Touch is the first sense that baby will develop! When they’re still in the womb, they can already feel their parents stroking them. After birth, baby will crave this warm, familiar contact that they enjoyed so much. So don’t hold back on kisses and cuddles! You can also massage your baby: you will both really enjoy these moments of complicity. To take learning about touch a stage further, you can roll balls under their feet, wrap them up in soft fabrics followed by rougher ones… Let them feel and experience different materials!
Baby will start using their sense of smell from birth to locate breast milk! It is their favourite smell, just ahead of the smell of their mum or dad’s skin. You can help develop their sense of smell by offering them different fragrances and aromas: chopped parsley, melted chocolate, coffee and also less pleasant smells! Indirectly this will help baby’s palate to develop.
Over the course of pregnancy, baby experiences several flavours through their mother’s diet. This system also applies to breast milk. Baby’s sense of taste will become heightened as their diet becomes more varied. It is very important for baby to taste a wide range of fruit and vegetables at this time so that they develop their own sense of taste.

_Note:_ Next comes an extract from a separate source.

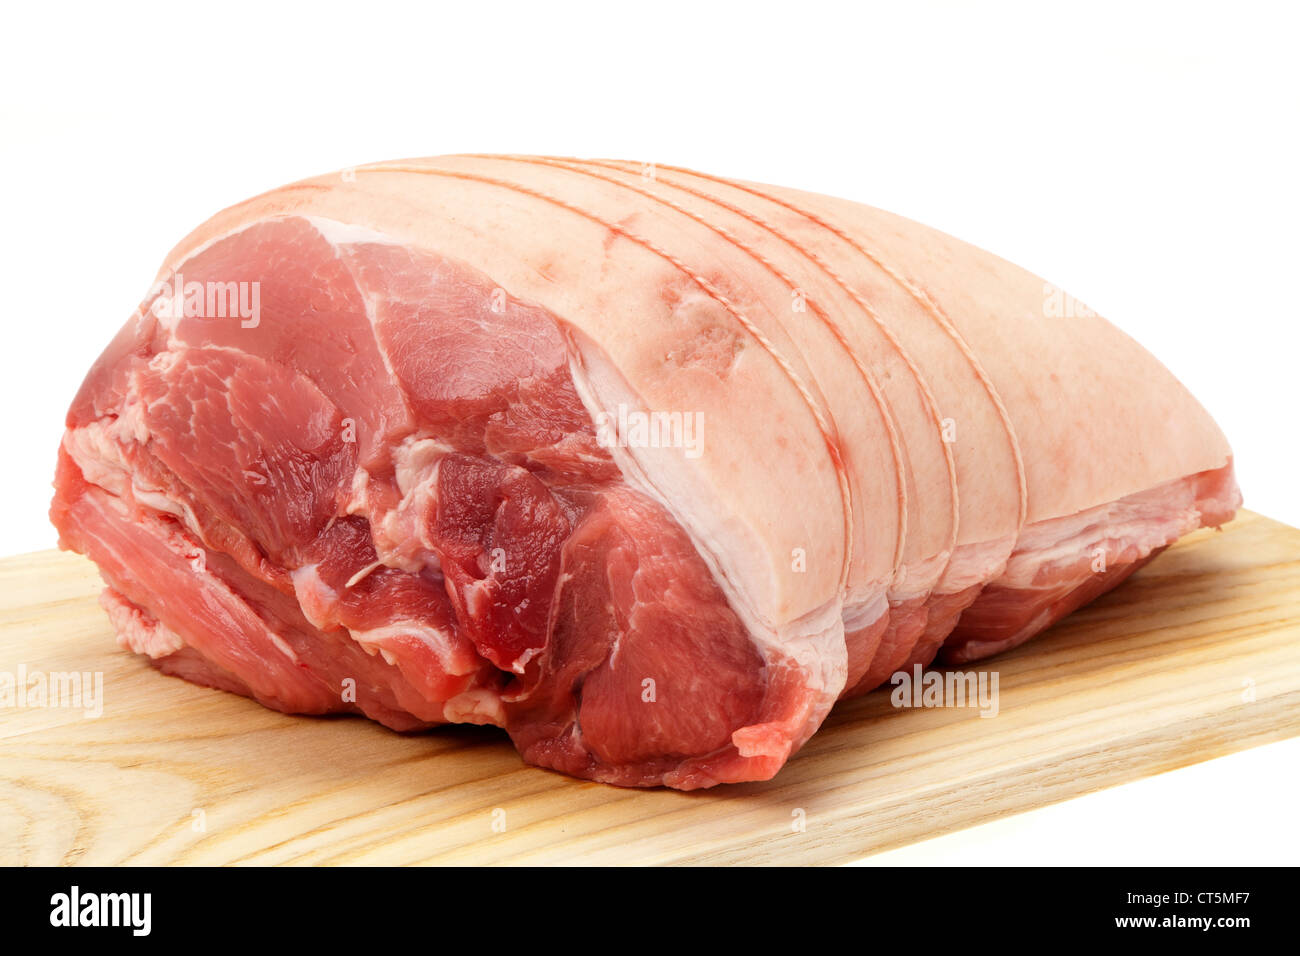 Eine ungekochte Schulter vom Schwein auf ein Holzbrett gelegt, der Metzger hat es mit Schnur gebunden und es ist jetzt Backofen bereit Stockfoto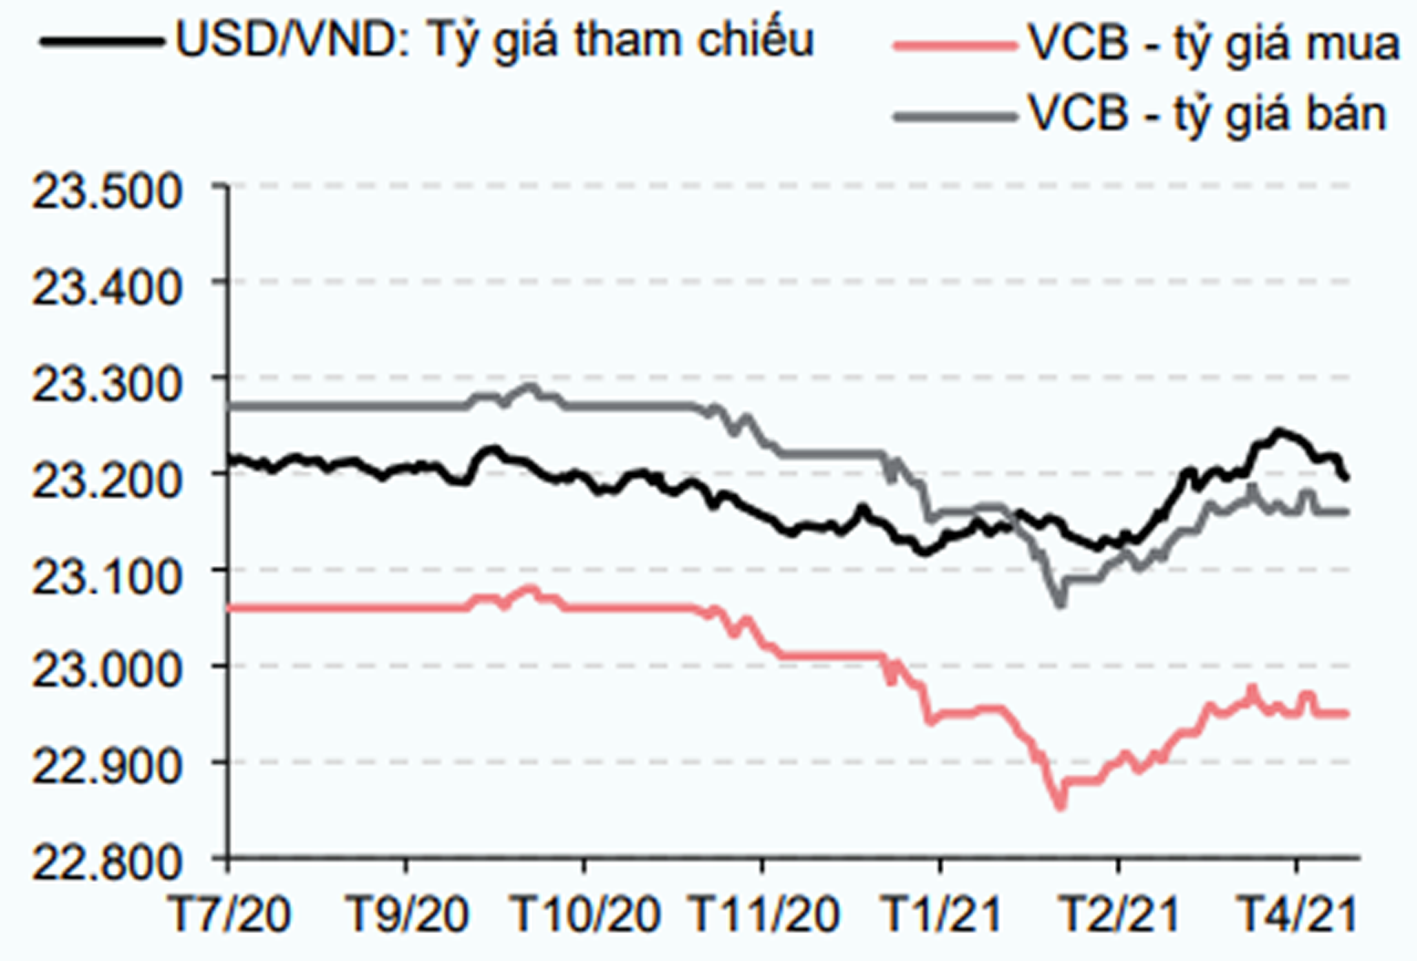  Tỷ giá USD/VND đã có xu hướng giảm trong thời gian qua. Nguồn: SBV, CEIC & HSC

Baby could hear you when they were in the womb. This explains why it is so important to talk to them during pregnancy, as it helps give them points of reference. At birth, baby is able to recognise and distinguish their mum and dad’s voices, as well as music you may have listened to during pregnancy. Continue to speak to them softly: a foolproof technique for calming them! To stimulate their hearing, allow them to listen to a variety of natural sounds (scrunched up paper, flattened plastic bottle…) and artificial sounds (toys, ring tones…).
At birth baby can make out shapes and forms, but can only recognise a face when it is very close (30 cm). At 1 month, they are attracted by sources of light. At 2 months they can clearly distinguish between different colours and are able to follow slow movements with their eyes. Be patient, their vision will only be optimal at the age of one and not before!
Whilst waiting, you can stimulate them with very colourful games and avoid television until they are 3 years old as it is too aggressive for their eyes.